Катерине этот разговор показался странным. Люди вообще были ей любопытны, а хозяева показались особенными. Так просто и доверчиво, без обычных расспросов пустили в дом, накормили, как будто так и надо, точно любому гостю двери открыты и ничего не запрещено. Ешь, спи, живи, никому ты не в тягость, никто к тебе в душу не лезет, не выясняет, где твой паспорт, родители, откуда взялась. Все бы такие были. И сама хозяйка хороша и добра, и сын у нее ладный, кареглазый, но вот проблема – молчит. Подождав, когда мать с сыном разошлись, она выбралась из теплого диванного угла и подошла к женщине.
– Вы извините. Я разговор ваш нечаянно подслушала...

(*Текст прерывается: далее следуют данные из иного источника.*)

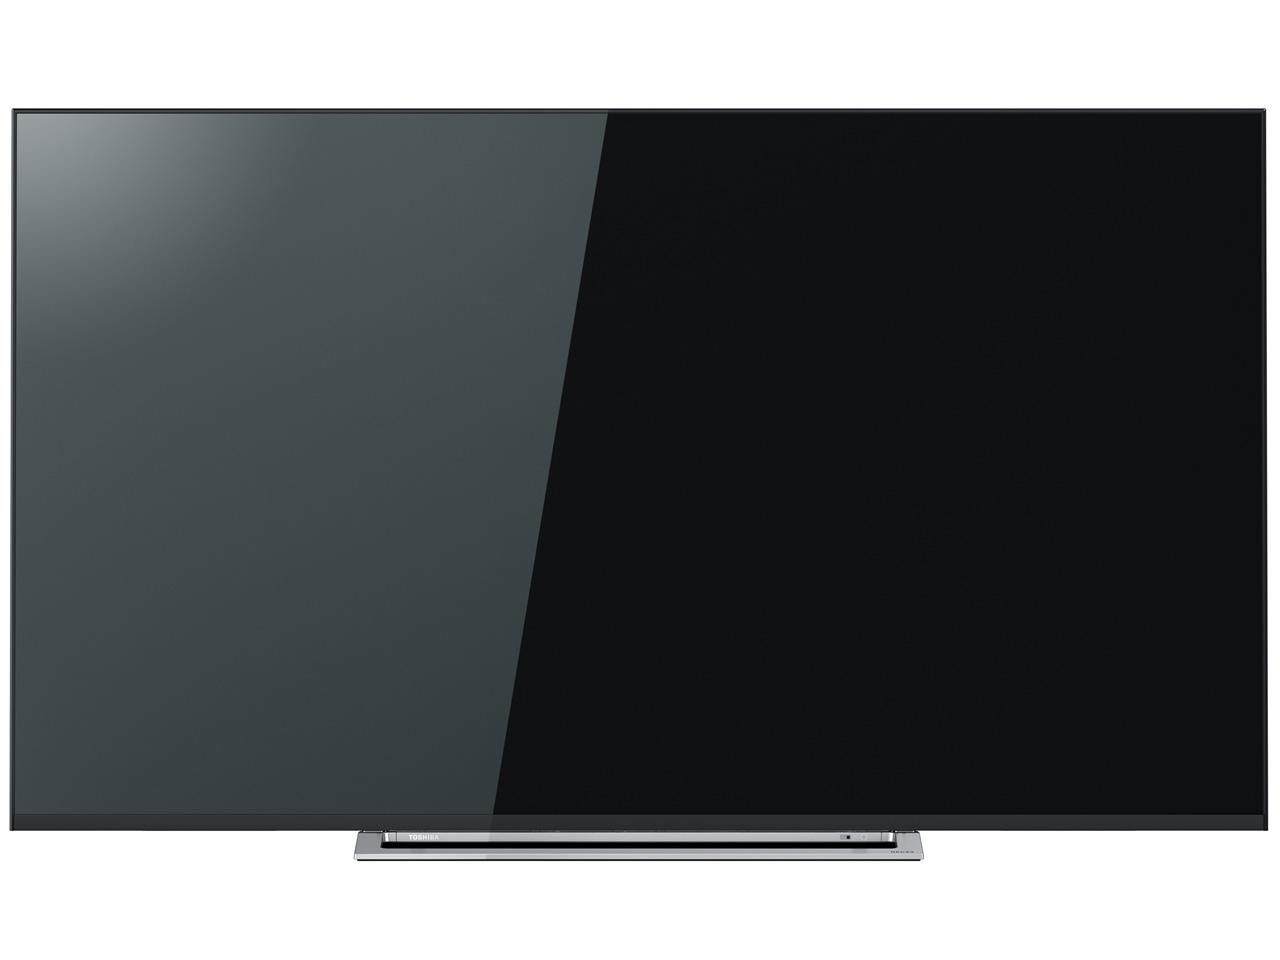 REGZA 65M520X [65インチ] の製品画像
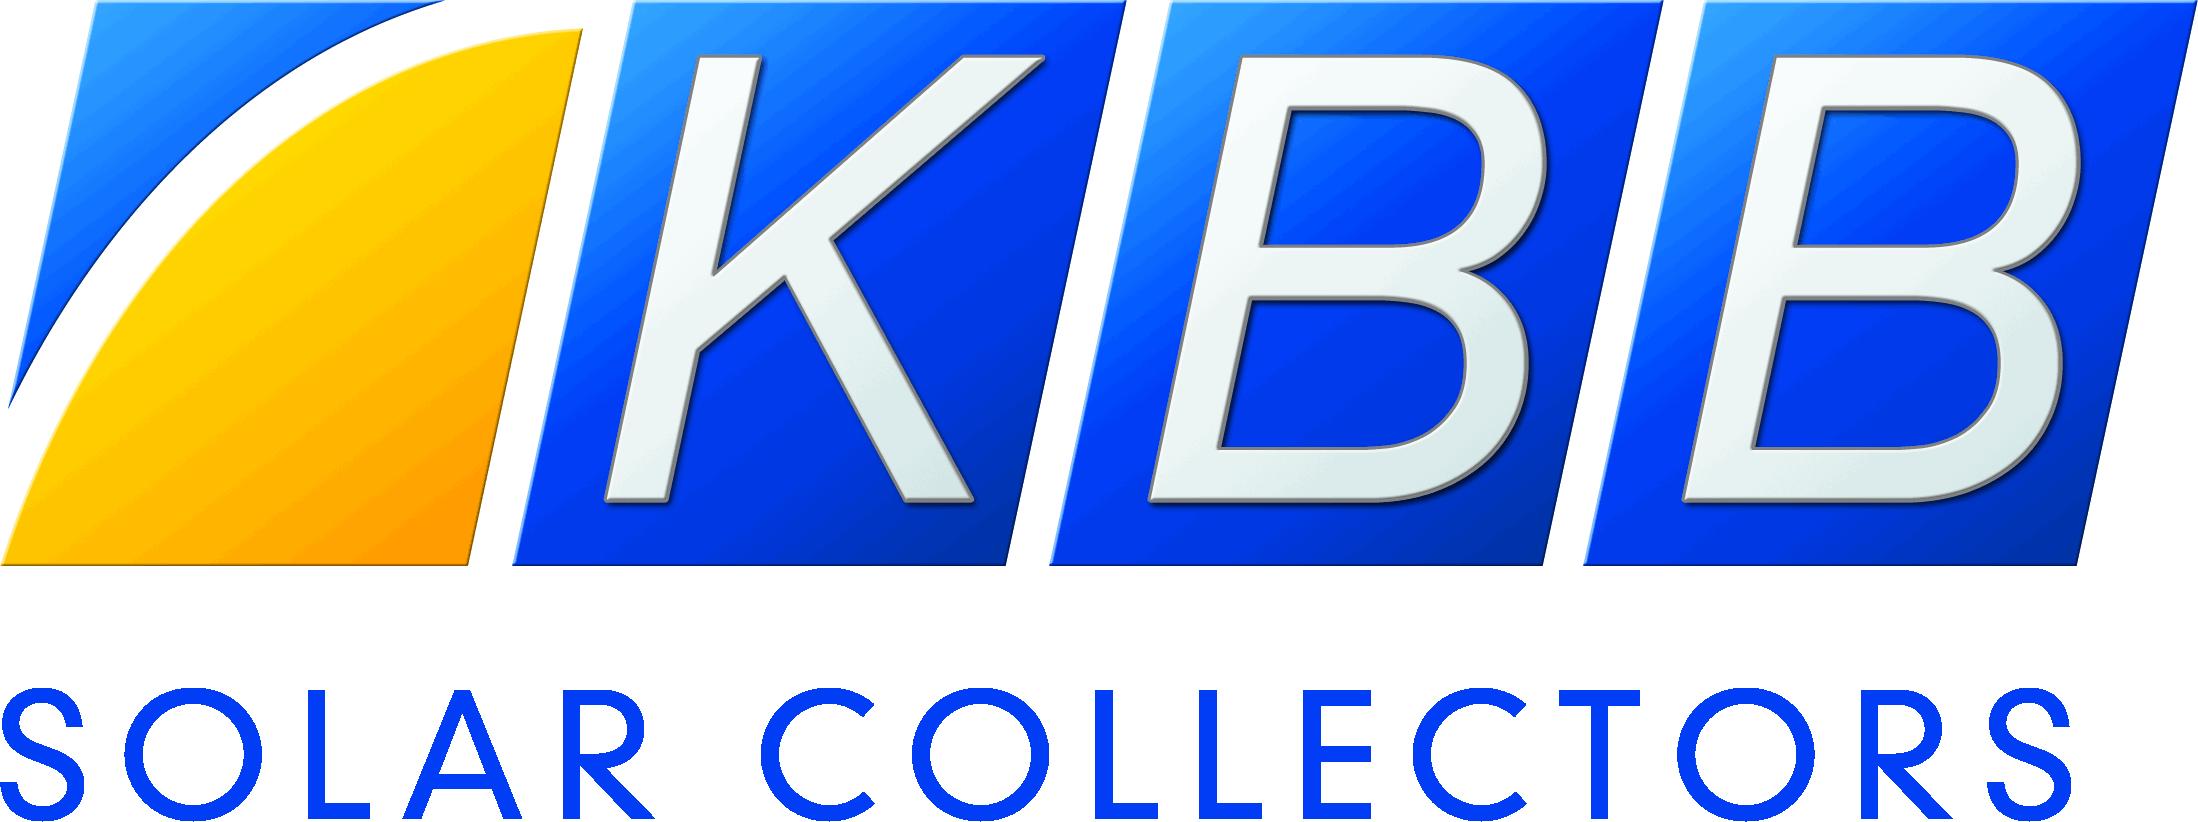 KBB Kollektorbau

– Да ладно, чего там... Никаких секретов нету. Не немой он. Просто молчит, как из армии вернулся. Ровно инвалид какой сделался, а раньше справный был. Главное, добрый он, сердце мягкое, и умеет все: и по хозяйству, и по водительскому делу. И строить умеет, и огороды копать. Армия да жизнь всему научит, А замолчал, потому что не вынес. Девушка его Лена из армии не дождалась. Ну так что ж, бывает. Ведь свет клином на одной не сошелся, и другие есть. Неужели всю жизнь промолчит? Ведь не может такого статься?
Женщина посмотрела на Катерину с тоской.
– Нет конечно, – заверила та.
– Ну ее, эту Лену, Бог ее простит. А другим-то зачем такой молчун? Он от всех отворачивался, не только от меня. Больно такой нужен: ни поговорить, ни приласкать.